**The task:** Copy out the data word for word, without any of its pictures.

**Data below:**
━━━━━━━━

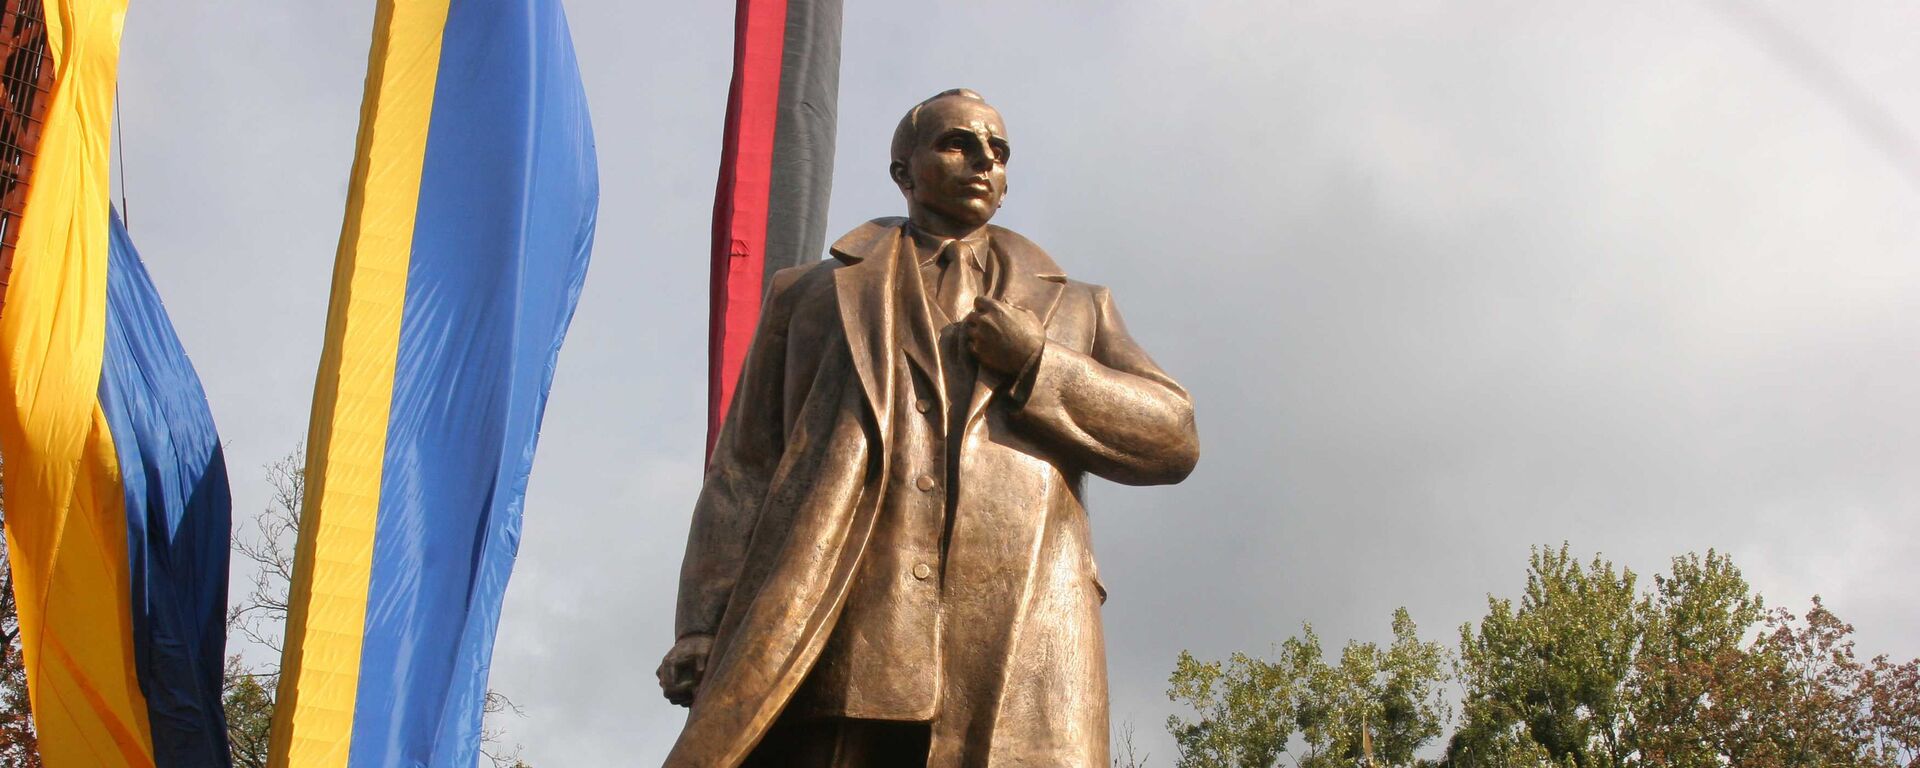 Inauguração do monumento a Stepan Bandera, líder ideológico da Organização dos Nacionalistas Ucranianos, em Lviv (Ucrânia) - Sputnik Brasil, 1920, 13.07.2022
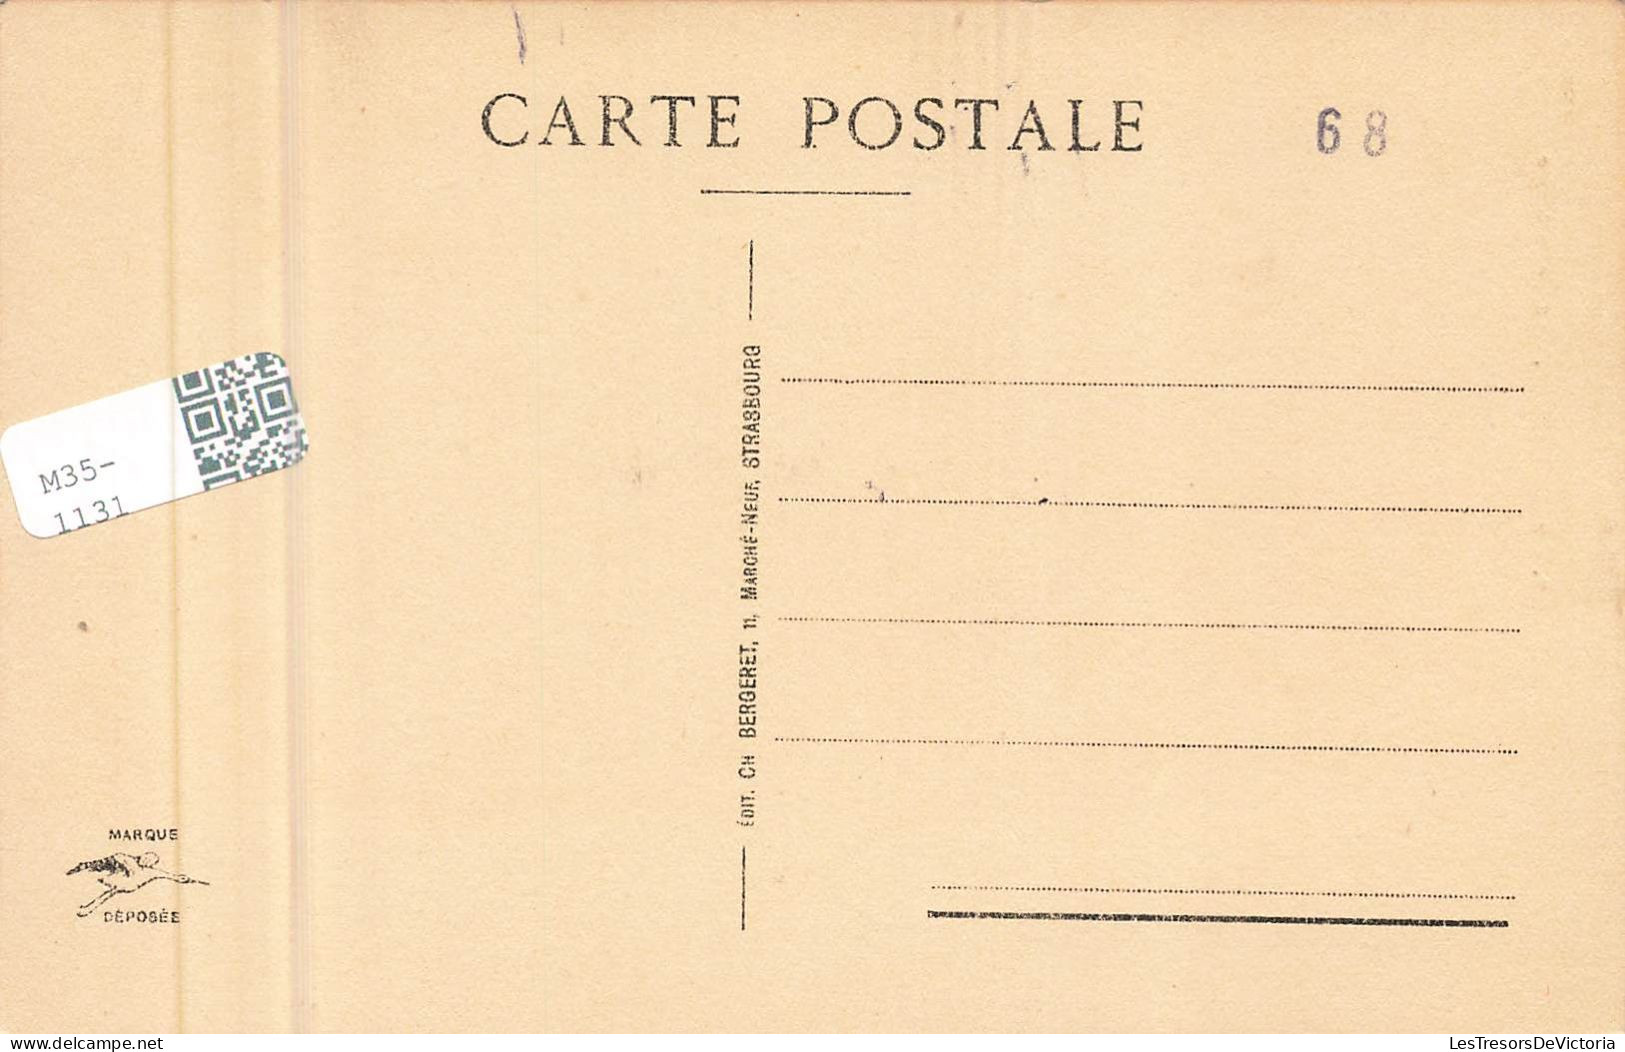 FRANCE - Riquewihr - La Porte Haute - Carte Postale Ancienne - Riquewihr
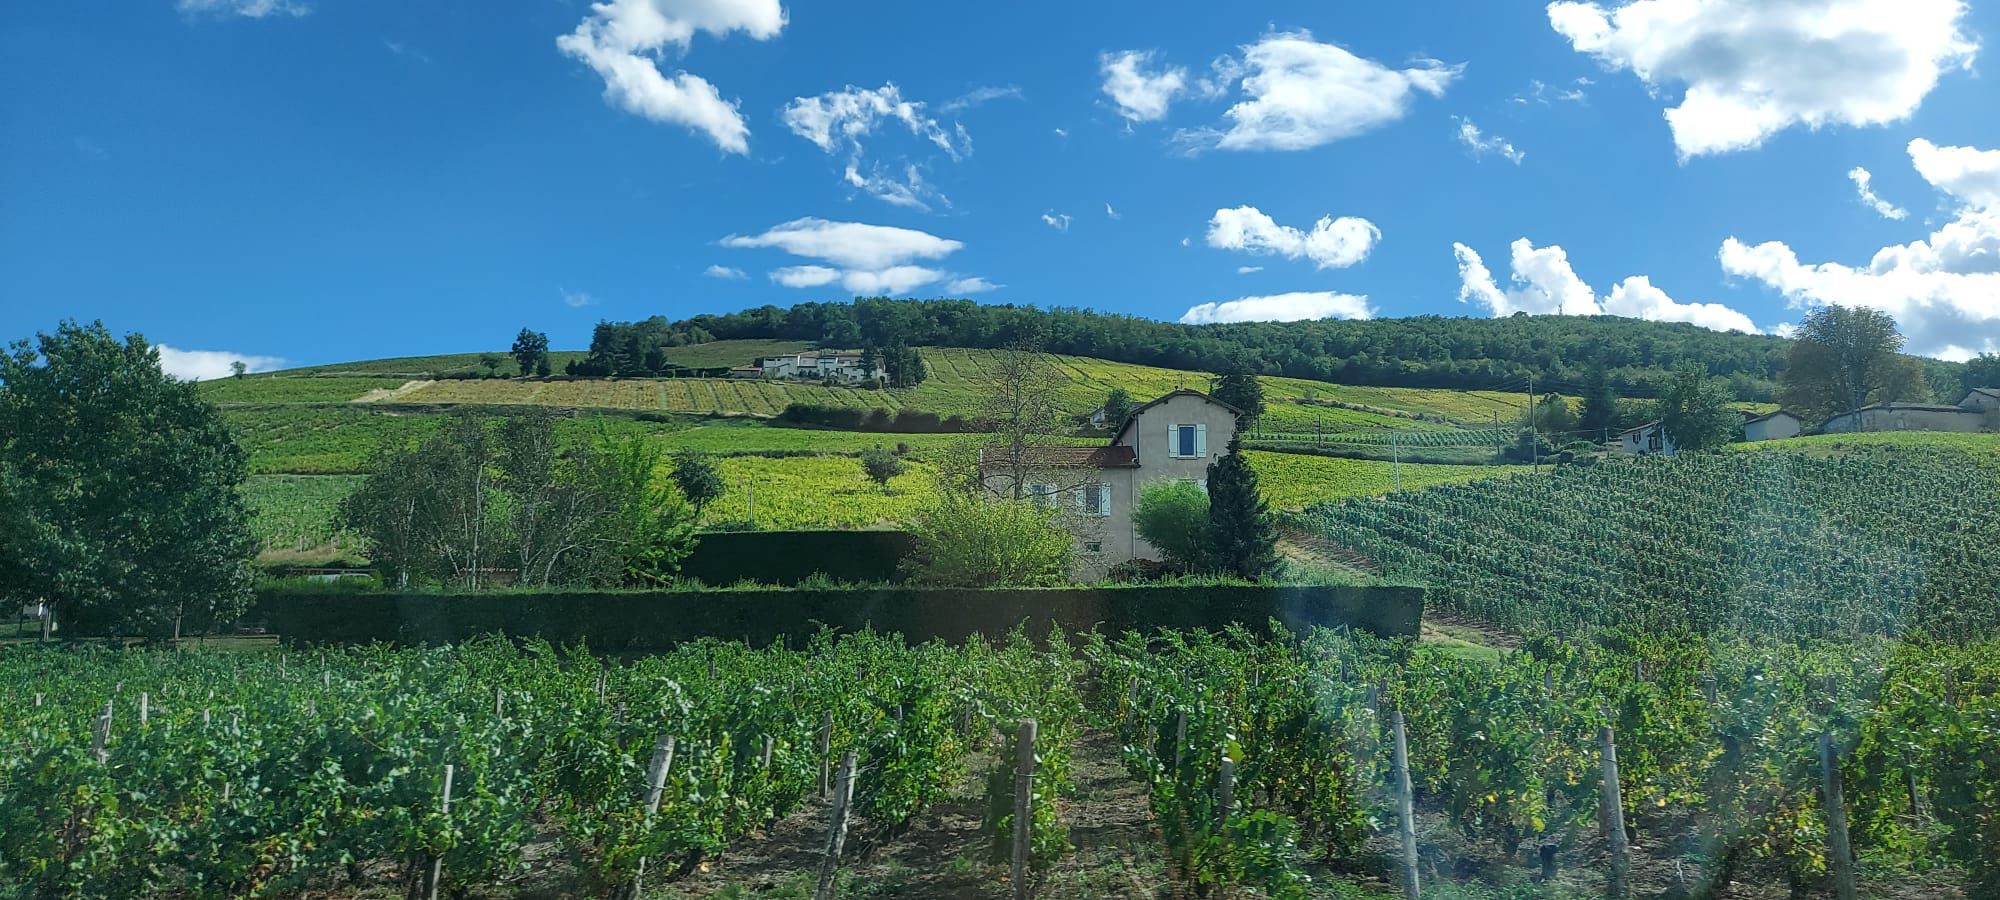 Laura Magagna visitant les vignobles de la region de Lyon

━━━━━━━━

**Solution to this exercise:**
 Inauguração do monumento a Stepan Bandera, líder ideológico da Organização dos Nacionalistas Ucranianos, em Lviv (Ucrânia) - Sputnik Brasil, 1920, 13.07.2022
 FRANCE - Riquewihr - La Porte Haute - Carte Postale Ancienne - Riquewihr
 Laura Magagna visitant les vignobles de la region de Lyon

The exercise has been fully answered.